The DSS-1 has its operating system stored on ROM chips, so if you lose your floppy disks you can still boot the system up (unlike the E-mu Emulator, Ensoniq Mirage, and early Roland samplers which required you always have a floppy disk containing the OS). However, each time you boot up the DSS-1 you will not have any sounds available until you load a system into memory from floppy disk. This can usually take anywhere from 20 to 40 seconds, depending on the size and number of multisamples contained in that system.
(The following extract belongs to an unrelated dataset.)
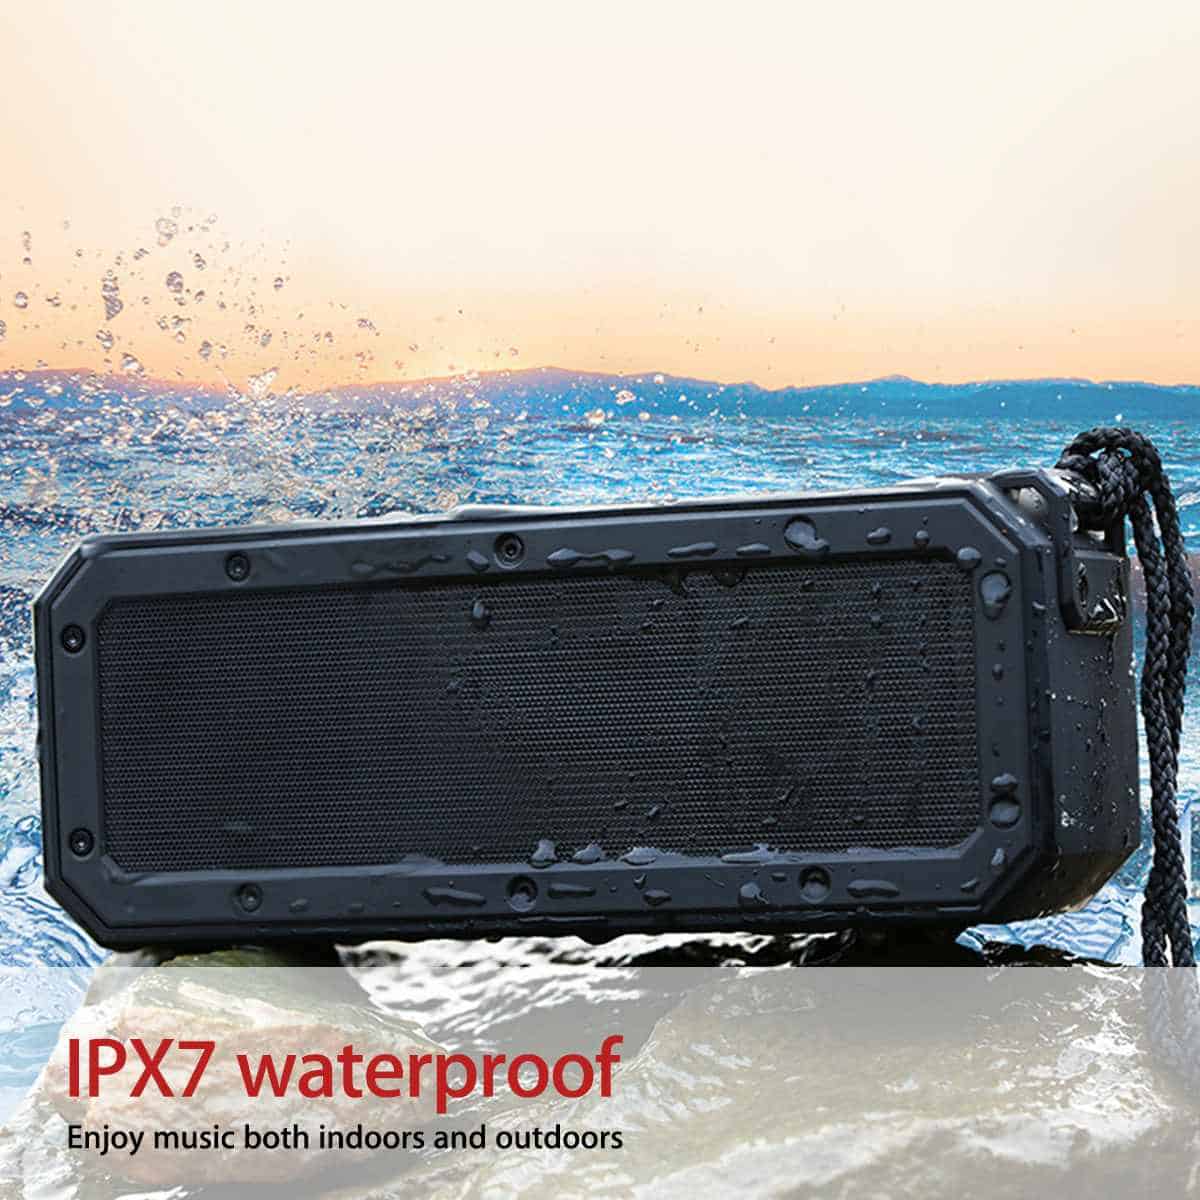 40W bluetooth 5.0 Speaker Column Portable Speaker IPX7 Waterproof Subwoofer with 360 Stereo Sound Outdoor Speakers Boombox
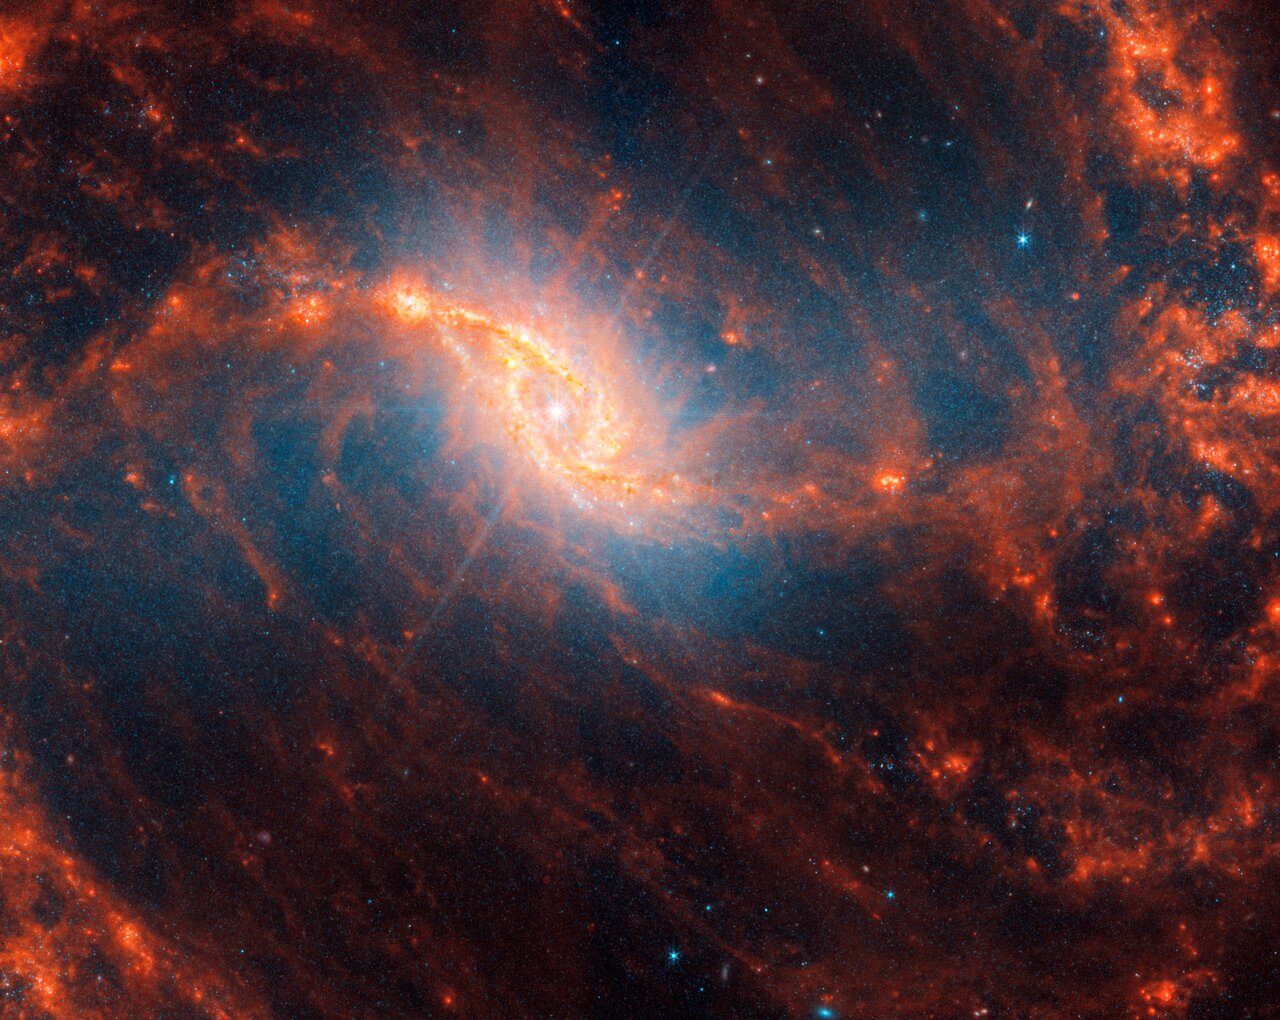 Spiral galaxy NGC 1365, located 56 million light-years away in the Fornax constellation.

The floppies that the DSS-1 understands are the older DSDD (double-sided double-density) disks that were also used on the Ensoniq Mirage and on early Macintosh computers.

== Korg DSM-1 ==
The Korg DSM-1, released in 1987, is a rack-mounted variant of the DSS-1, boasting a memory capacity of 1Mb—four times greater than its predecessor—and featuring a quicker operating system, a high-density disk drive, individual outputs, and a multitimbral mode. While it doubled the polyphony to 16 notes (which reduces back to eight when layering two voices for performances), it lacks the digital delay lines, the second oscillator (and then oscillator sync) and filter resonance that largely defined the DSS-1's unique sound. Nonetheless, it maintains some compatibility with DSS-1 disks.